BC Dairy Goes Bold to Help People be Proud About Milk - Cowsmo

BC Dairy Goes Bold to Help People be Proud About Milk

The BC Dairy Association’s new avant-garde creative is a far cry from milk moustaches and pouring the beverage into cereal, but the industry association hopes its a way to entice younger Canadians.

The “Nothing Better” campaign is built around an interpretive dancer tiptoeing her way through glasses of milk, a decadent Fellini-esque dinner party, a mindfulness retreat and an urban overpass streetscape, populated by youngsters getting ice cream from a truck.

“By exuding boldness and confidence, we want to empower people to keep enjoying the things they love, including milk and dairy products, without being held back by what other people might think,” says James Sadler, ECD of TAXI Vancouver, which developed the spot.

Milk consumption in liters per capita has been slowly declining for two decades, and BC Dairy hopes its hopes this new, experimental approach resonates with a younger demo, a group that’s experiencing particularly steep declines in milk consumption.

But the campaign is built on insights that while younger consumers are reticent to share their love of dairy products publicly – be it due to perceptions about its health value or environmental impact – they still like to enjoy the foods associated with it like ice cream, and the food they can make with it, according to Jennifer Woron, director of marketing for the BC Dairy Association,

“What we wanted to do with this campaign is to provide confidence in making choices for yourself and feeling good about them,”  she says.

“Taxi lead us in a very artistic approach to the creative, something that was very different than we’ve ever done for milk or dairy products,” she adds. “Our hope is that it does capture an attitude we are trying to portray, reinforcing making choices for yourself and doing it in an artistic, eye-catching, beautiful way.”

The “Nothing Better” campaign will run over the next year from August to July (across four phases that each focus on different themes) and will be video-focused, featuring 60, 30, 15, and 6-second spots.

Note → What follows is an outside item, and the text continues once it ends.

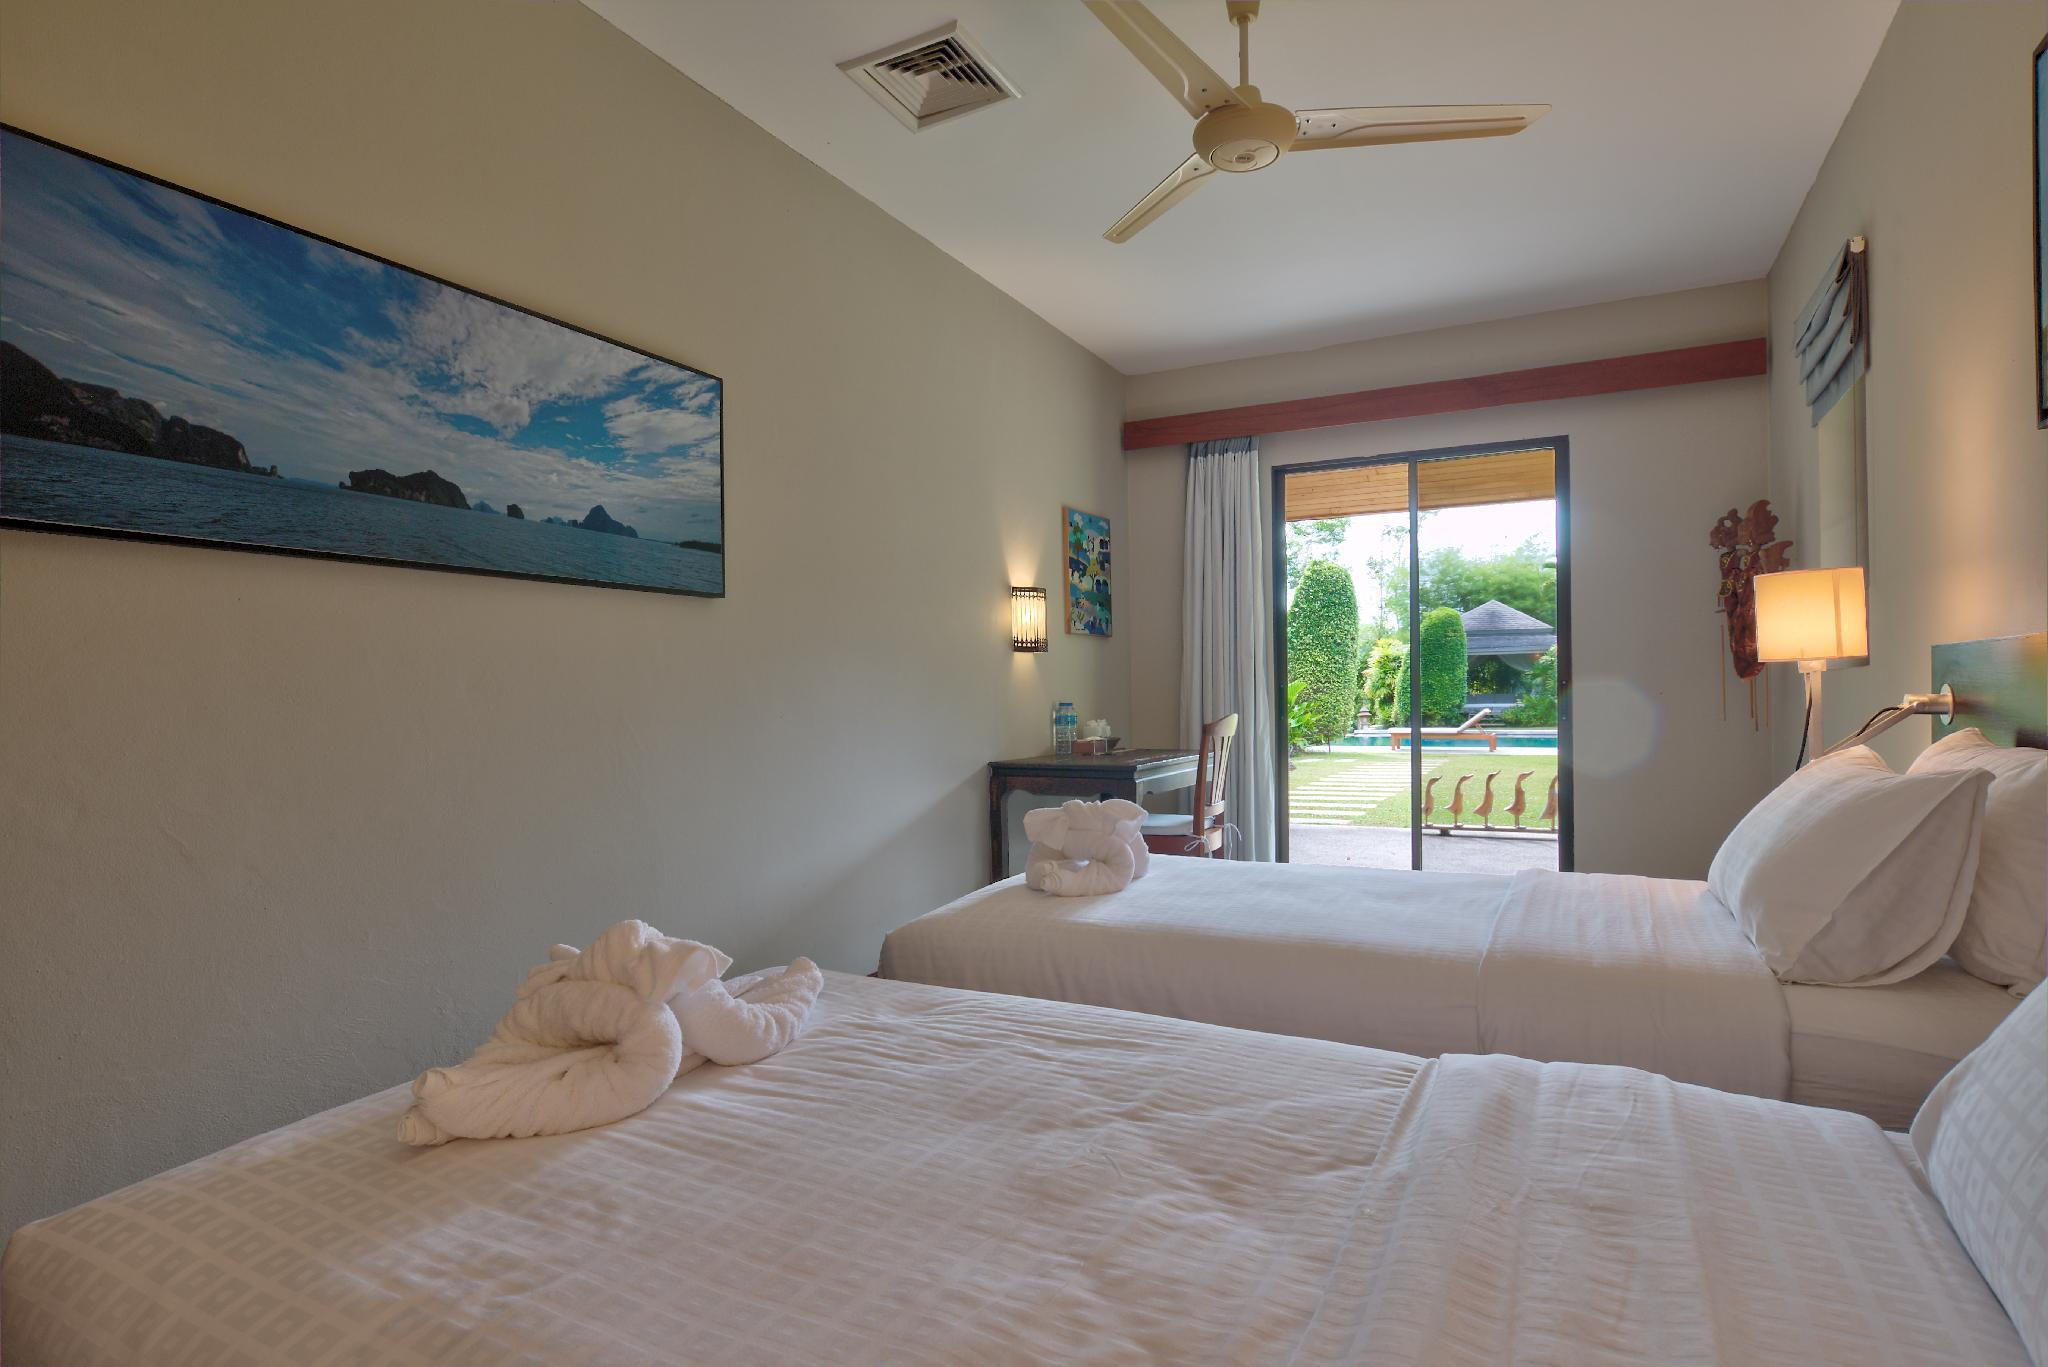 Luxury Retreat 5 Bedroom Pool Villa วิลลา 5 ห้องนอน 4 ห้องน้ำส่วนตัว ขนาด 1000 ตร.ม. – ไม้ขาว

While it will air throughout the province in cinemas, the campaign will predominantly run on digital platforms with a focus on audio on, high-quality content destinations, the brand says.

BC Dairy is explicitly targeting younger consumers with the digital-first approach, but the cinema element has a role there too. “We had always envisioned this campaign to be in movie theatres,” Woron says, as the more cinematic approach it is taking will play well in that environment.

The organization is also rolling out its new barn/carton logo, aimed at consolidating the previously-separate BC Dairy Association and BC Milk brand identities into a single logo and brand.

The Association recently launched a more brand-focused campaign effort about promoting farmers and milk as a local product, “It’s ready,” BC Dairy’s focus on milk around meal time usage occasions, which will have another iteration coming in the fall.

The ad spend is comparable to other efforts it’s had in market around this time of year, Woron says. The media partner is OMD.